Optimal PMU Placement Using CPLEX and YALMIP

Resource Overview

Optimization of PMU (Phasor Measurement Unit) Configuration via CPLEX Solver and YALMIP MATLAB Toolbox for Power System Observability

Detailed Documentation

In power systems, optimal PMU (Phasor Measurement Unit) placement is a critical challenge aimed at achieving full system observability with minimal equipment cost. The integration of CPLEX and YALMIP tools provides an efficient methodology for solving this optimization problem computationally.

PMU placement is typically formulated as an Integer Linear Programming (ILP) problem, where the objective is to determine the minimum number and optimal locations of PMUs to ensure complete monitoring of all network buses. CPLEX serves as a high-performance commercial solver for handling large-scale ILP problems, while YALMIP acts as a flexible MATLAB modeling layer that simplifies optimization model formulation and solver interfacing.
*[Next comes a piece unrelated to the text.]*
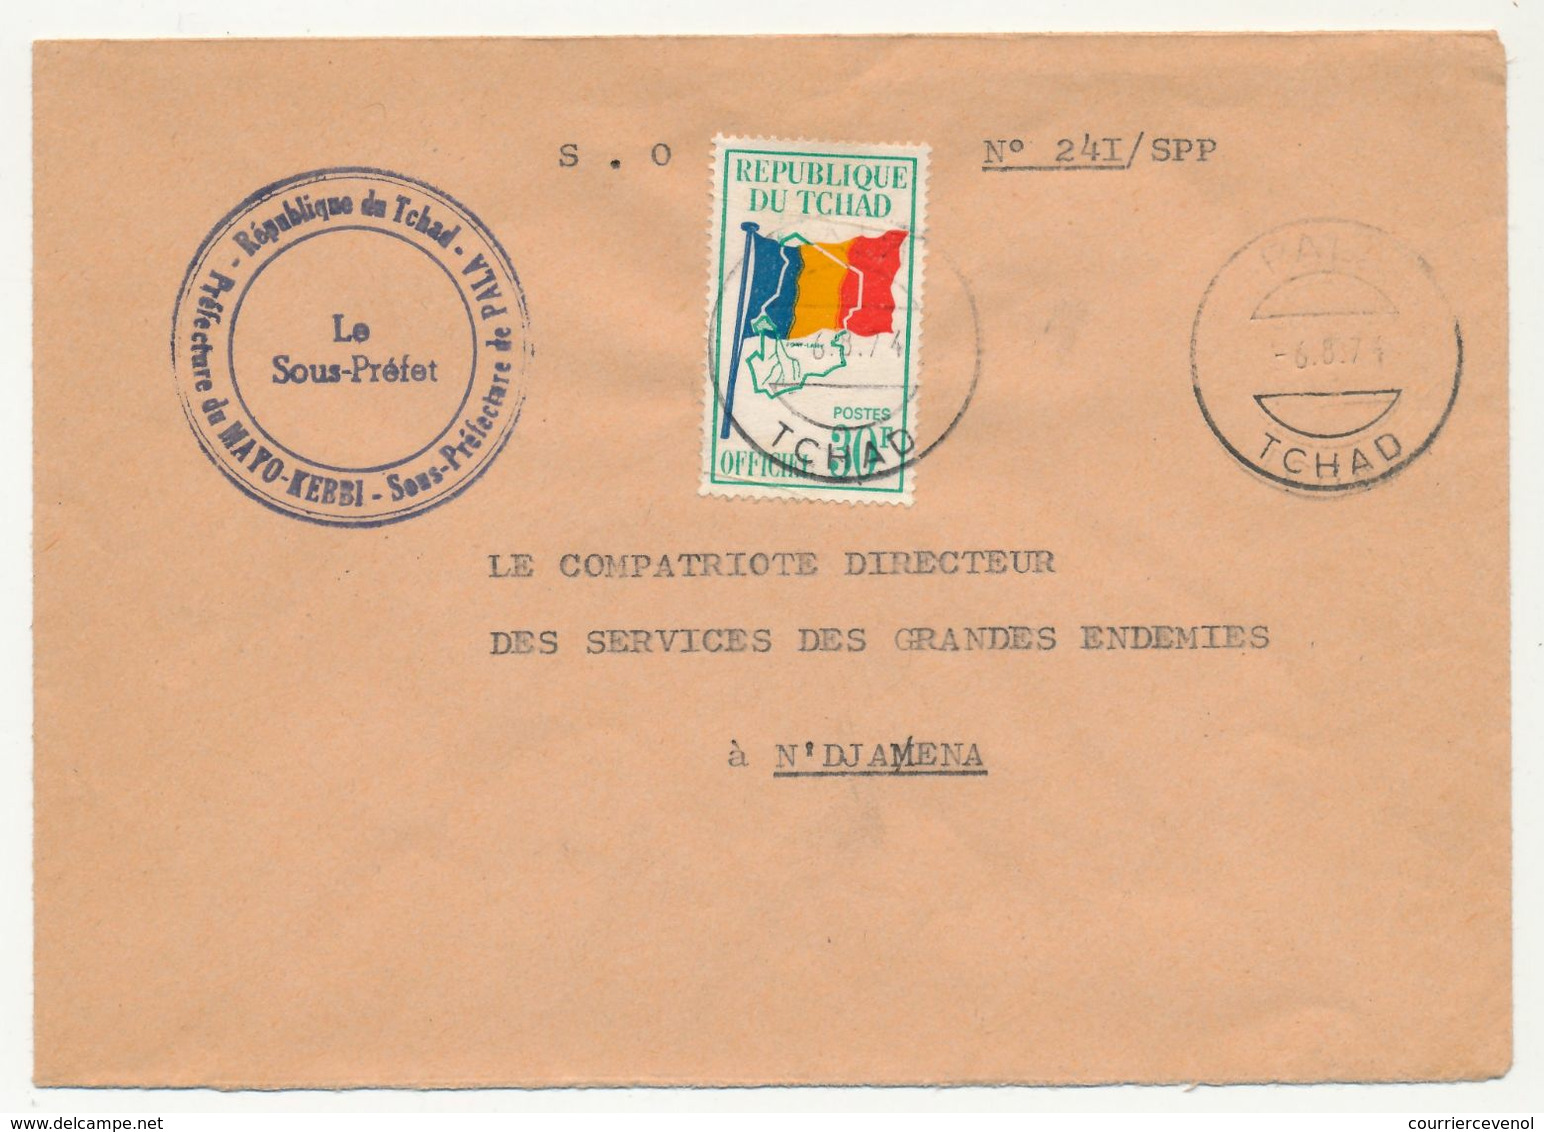 TCHAD - Env. Affr Timbre Officiel 30F - République Du Tchad - Préfecture Du Mayo-Kerbi Sous Préfecture De Pala 1974 - Chad (1960-...)

Using YALMIP, engineers can declaratively define binary decision variables (representing PMU installation status at each bus), observability constraints (ensuring voltage phasor measurement coverage for each node), and optimization objectives (minimizing total PMU count). The toolbox automatically translates the model into CPLEX-compatible format through commands like `optimize` and `value`, handling solver configuration and result extraction. This approach facilitates rapid prototyping with MATLAB syntax such as:
`x = binvar(nBuses,1); % Binary decision variables`
`Objective = sum(x); % Minimize PMU count`
`Constraints = [A*x >= 1]; % Observability constraints`
The framework supports extensions for complex scenarios including zero-injection buses and communication constraints through modified constraint matrices.

This integrated workflow enables researchers and engineers to efficiently validate diverse PMU configuration strategies, enhancing power system monitoring capabilities and grid reliability through computationally optimized solutions.